“The idea that some lives matter less is the root of all that’s wrong with the world.” Said Dr. Paul Farmer, the co-founder of a Boston based Partners In Health (PIH).

Inshuti Mu Buzima (IMB), Rwandan sister organization to PIH, operates in three rural districts (Burera, Kirehe and Kayonza) that previously had some of the country’s worst health outcomes with the objective to improve and provide high-quality of healthcare. I do research because I know it plays a key role in every discovery related to health. Doing research in health is my biggest contribution to promoting global health, as I believe that health is a human right. Part of what I do is capacity building through operational research training.

The research department at IMB is committed to building the capacity of its staff and Ministry of Health partners to conduct quality research, from conception to dissemination. One of the priorities for the IMB Research Department is to provide hands-on training for operations, and implementation research. I am proud to have been part of that as a Global Health Corps Research Fellow.

 

Intermediate Operational Research Training (IORT)

The Intermediate Operational Research Training (IORT) Program was introduced in 2013 with five teams of two people each including one IMB and one MOH partner staff. As a GHC Research Fellow, my role has been to facilitate the training as a Research Assistant. To begin with, I coordinated the application process whereby 28 people, 19 IMB staff and 9 MOH staff, applied for seven topics available. Each Applicant was supposed to submit a three page application form, specifying which of the Research topics he/she was applying to, and a letter of support from his/her supervisor. Candidates were allowed to apply for up to two different topics. I compiled the information into an excel spreadsheet I created to see who applied for each topic by site.

The Research Committee, Principle Investigators of the Research topics and MoH site leadership reviewed and scored the applications to select thirteen investigators to lead seven topics available: delayed surgical referrals, descriptive surgery, Breast Cancer, Verbal and Social Autopsy, Asthma, HIV/AIDS and Maternal and Child Health.

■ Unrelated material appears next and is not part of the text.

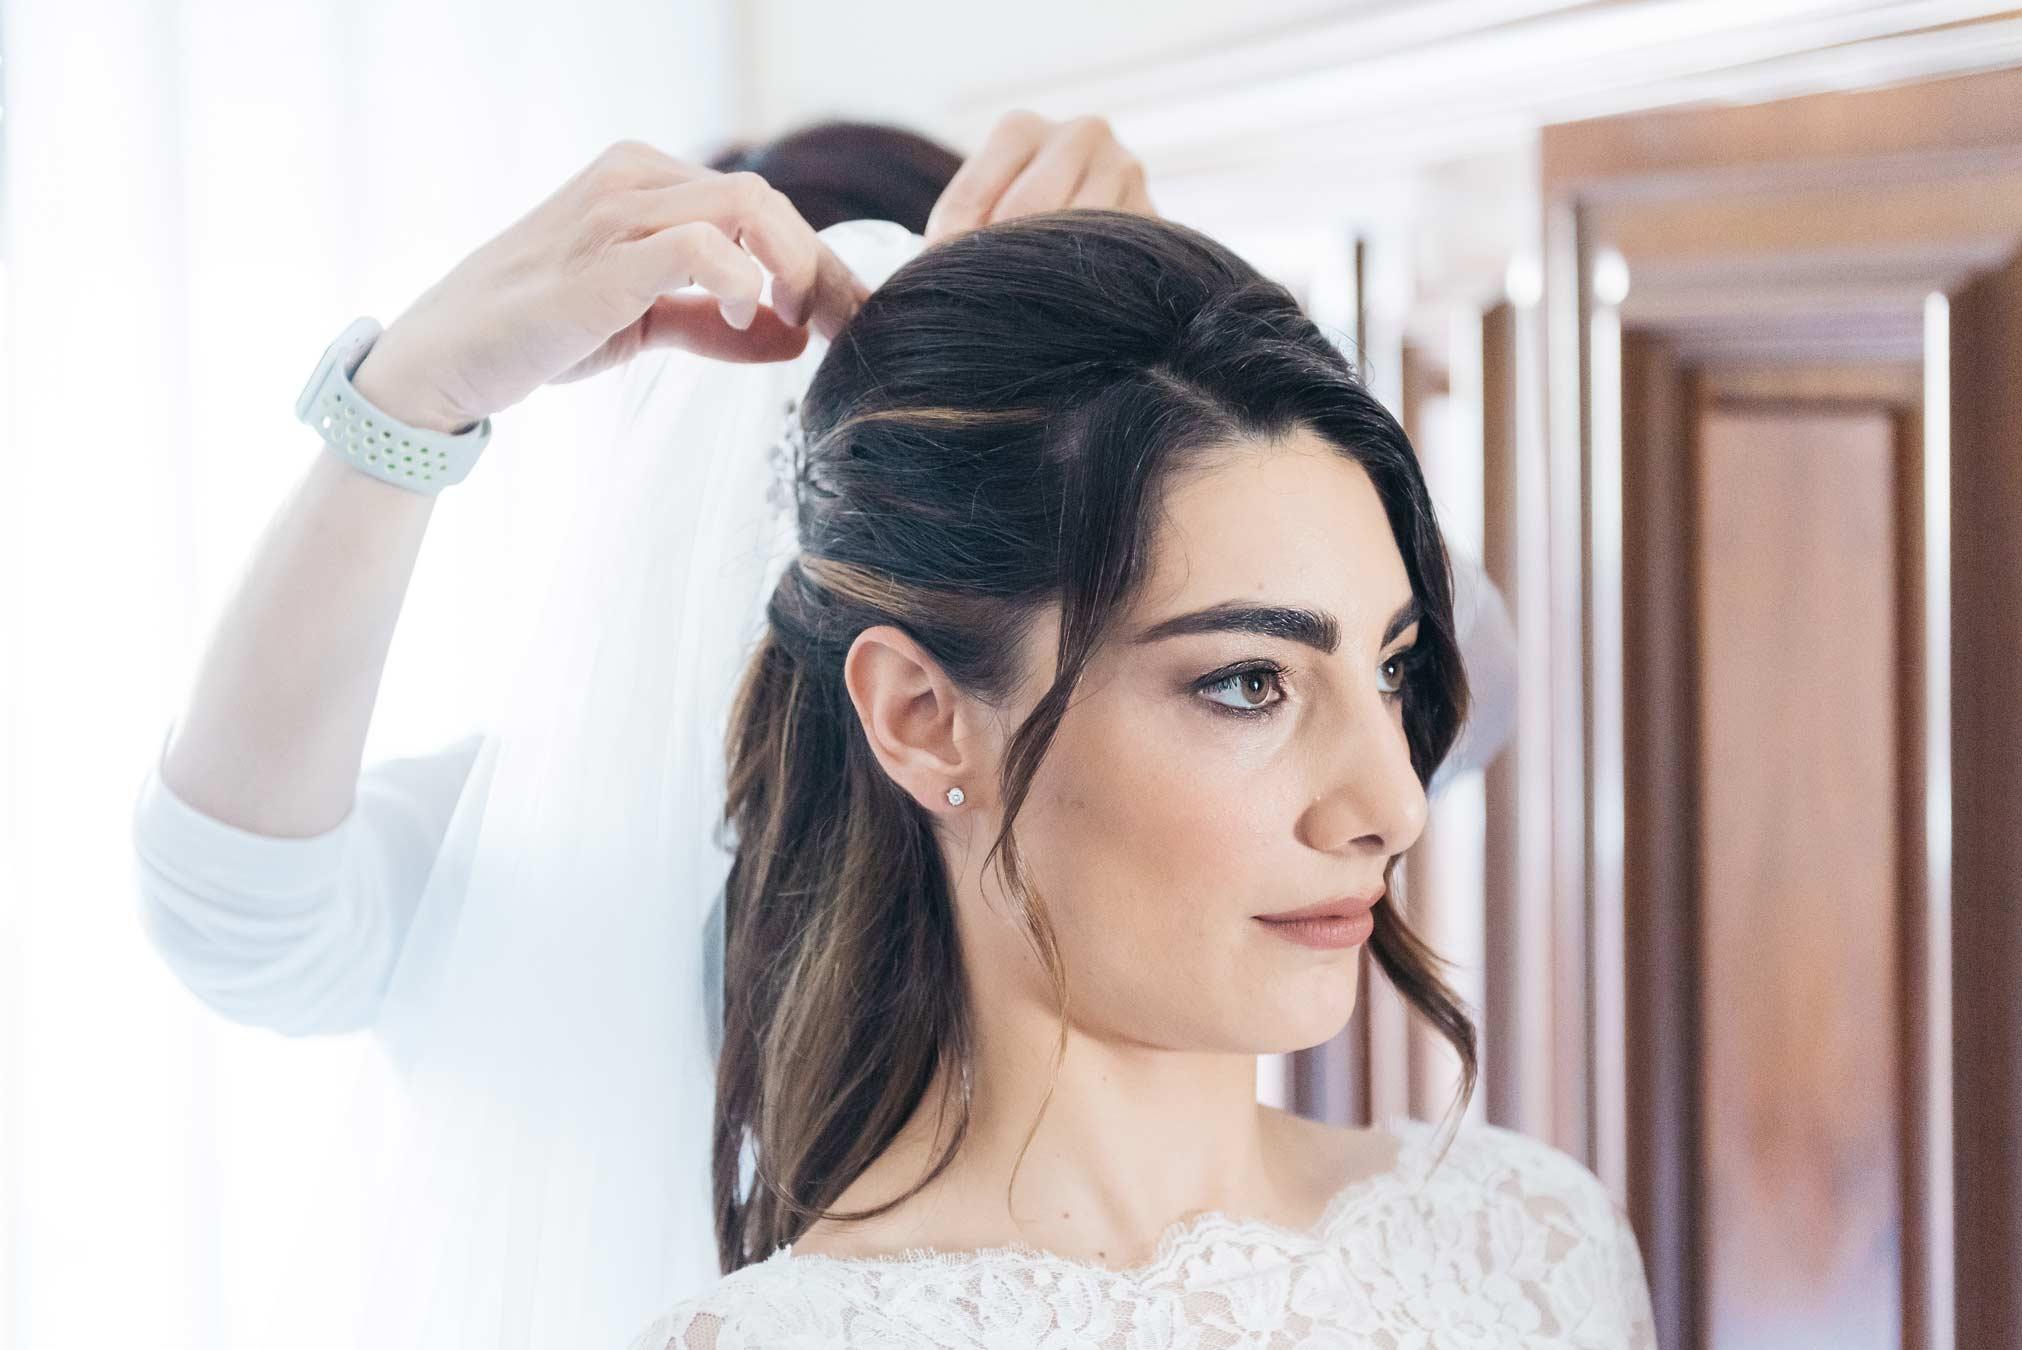 Fotografo-Matrimonio-Stile-Reportage-Roma-Preparativi-Sposa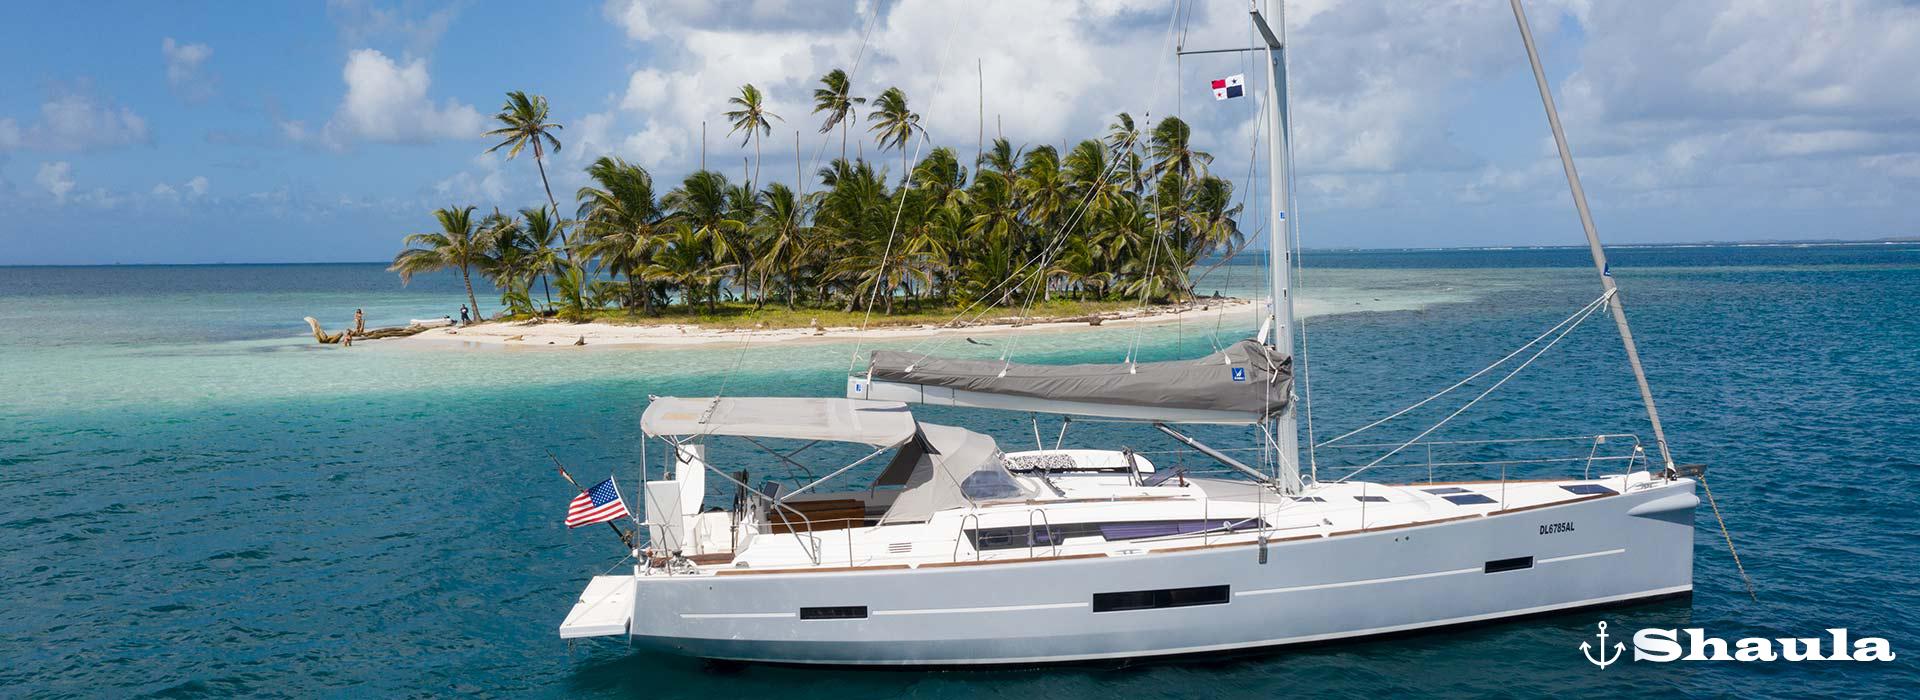 shaula-yacht-san-blas-islands

Once selected, investigator‐teams receive a training for almost eight months. The training covers topics including refining the Research question, literature searches, writing Research protocols, designing studies, data collection, data analysis, writing a Research paper, and dissemination.  Trainees immediately apply these skills to research projects that they are leading under the mentorship of course facilitators including two senior mentors and three Research Assistants (RAs) including myself. Mentors provide lectures every month for eight months and technical support. Each RA is assigned two teams he/she supports by providing hands on after the training sessions.

 

The teams I’ve been assigned to are working on two projects: Verbal and social autopsy project aiming at finding out care seeking patterns of families that experienced under five deaths in rural Rwanda, and neonatal project with the objective to describe the presentation, management and outcomes of infants at neonatal units in two rural district hospitals namely Rwinkwavu and Kirehe. I’ve been helping my teams throughout the process including writing the research protocols, cleaning and analyzing the data using Stata 13 and presenting their results into tables. Since recently, we have been discussing the result points and working on finding out the appropriate journal to submit our papers to. My team and I started writing papers and we hope to submit to the journals for peer review by the end of July.

Not only I’ve been providing support to two aforementioned teams but I’ve also been coordinating the logistics for the training. I draft invitation letters and send them at least one week before the training to allow time for participants to prepare. I write concept notes and prepare budget and ensure it is approved prior to the training day. It falls under my responsibilities to also make sure transportation, conference room with all materials such as projector, flip chart, markers and power extensions are in place ahead of meetings. I will facilitate the last training session in mid-June but will continue to work with the teams on paper writing until we publish. My fellowship has been a success simply because the research work I’ve been doing empowered people (IMB and MOH staff) who care about global health day after day.